Adapun, untuk beras, HPP dipatok sejumlah Rp8.300/kg di gudang Bulog tanpa membedakan jenis beras yang diserap.
"HPP seharusnya mengikuti HET, harganya tidak mengacu pada satu kualitas beras saja, yakni beras medium. Kalau tidak disesuaikan ini margin pengusaha penggilingan menjadi tipis dan akhirnya yang ditekan harganya di tingkat petani," katanya ketika dihubungi oleh Bloomberg Technoz, Jumat (10/3/2023).

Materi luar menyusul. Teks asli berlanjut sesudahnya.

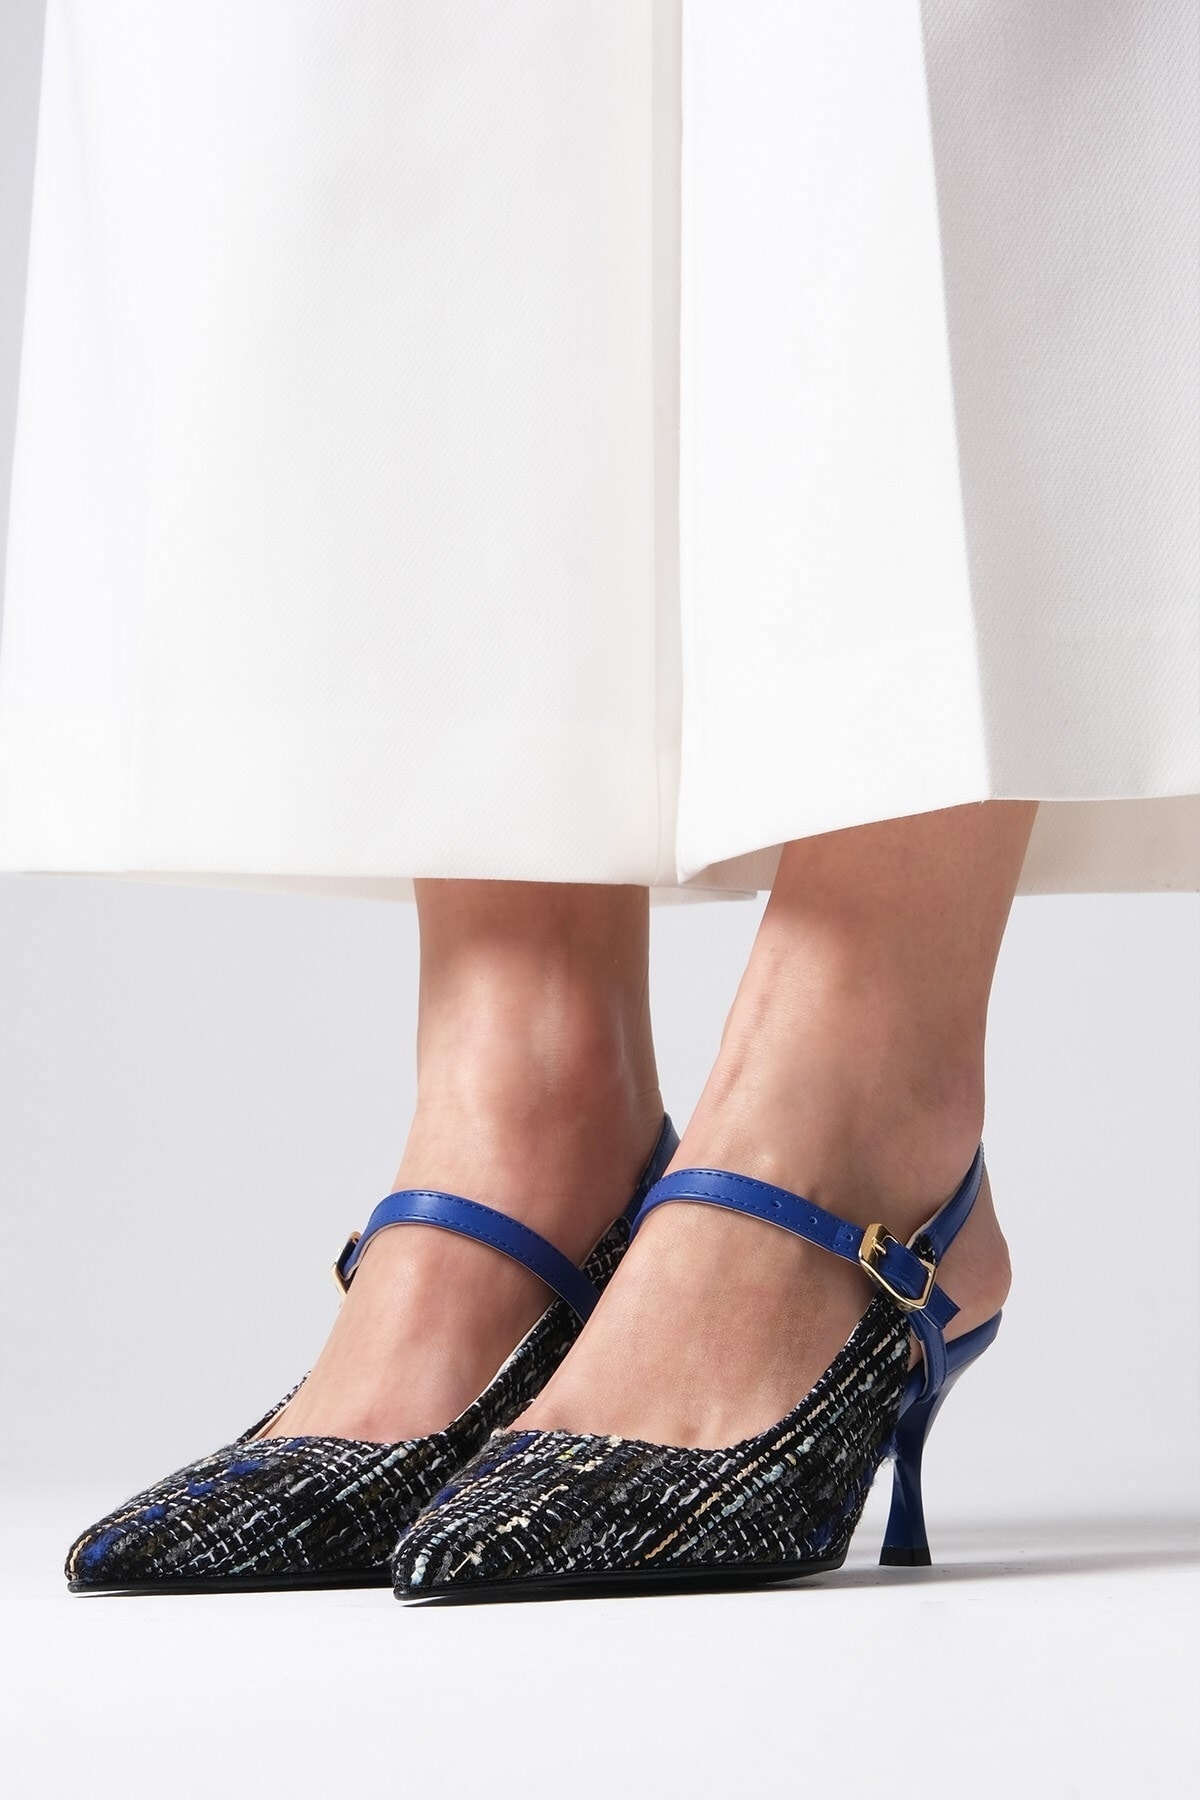 Mio Gusto Tamara Lacivert Renk Tüvit Kumaş Kadın Topuklu Ayakkabı

Menurut Khudori, HPP yang berlaku saat ini membuat Bulog kesulitan untuk menyerap hasil panen para petani. Adanya fleksibilitas harga pembelian yang akan ditetapkan oleh Badan Pangan Nasional (Bapanas) dinilai tidak sepenuhnya menyelesaikan masalah tersebut.
Bahkan, ada potensi masalah baru yang ditimbulkan oleh fleksibilitas harga pembelian itu apabila pengawasan tidak dilakukan secara ketat.
"Fleksibilitas ini membuka peluang penyimpangan harga di rentang yang nantinya ditetapkan. Siapa yang memastikan kalau harga pembelian yang tertulis di kertas sama dengan harga pembelian aslinya? Selisihnya lari kemana-mana," tuturnya.
Terpisah, Kepala Bapanas Arief Prasetyo Adi menyatakan instansinya akan segera menerbitkan regulasi harga acuan pembelian gabah dan beras terbaru, guna memberikan ruang yang lebih leluasa bagi Bulog dalam menyerap produksi dalam negeri.
"Semoga hasilnya dapat segera direalisasikan. Bulog kami berikan fleksibilitas harga dan bisa serap beras komersial dari petani," katanya kepada Bloomberg Technoz, Jumat (10/3/2023).
Arief belum bisa mendetailkan lebih lanjut mengenai besaran harga acuan pembelian gabah dan beras terbaru. Namun, dia memastikan harga acuan tersebut dirumuskan berdasarkan usulan dari perwakilan asosiasi atau organisasi petani serta kementerian atau lembaga terkait.
Dengan demikian, gabah atau beras dari petani diserap dengan harga yang sesuai atau tidak terlampau rendah atau merugikan petani. Terlebih, selama ini petani mengeluhkan HPP yang dinilai tidak lagi relevan lantaran komponen biaya produksi yang terus membengkak.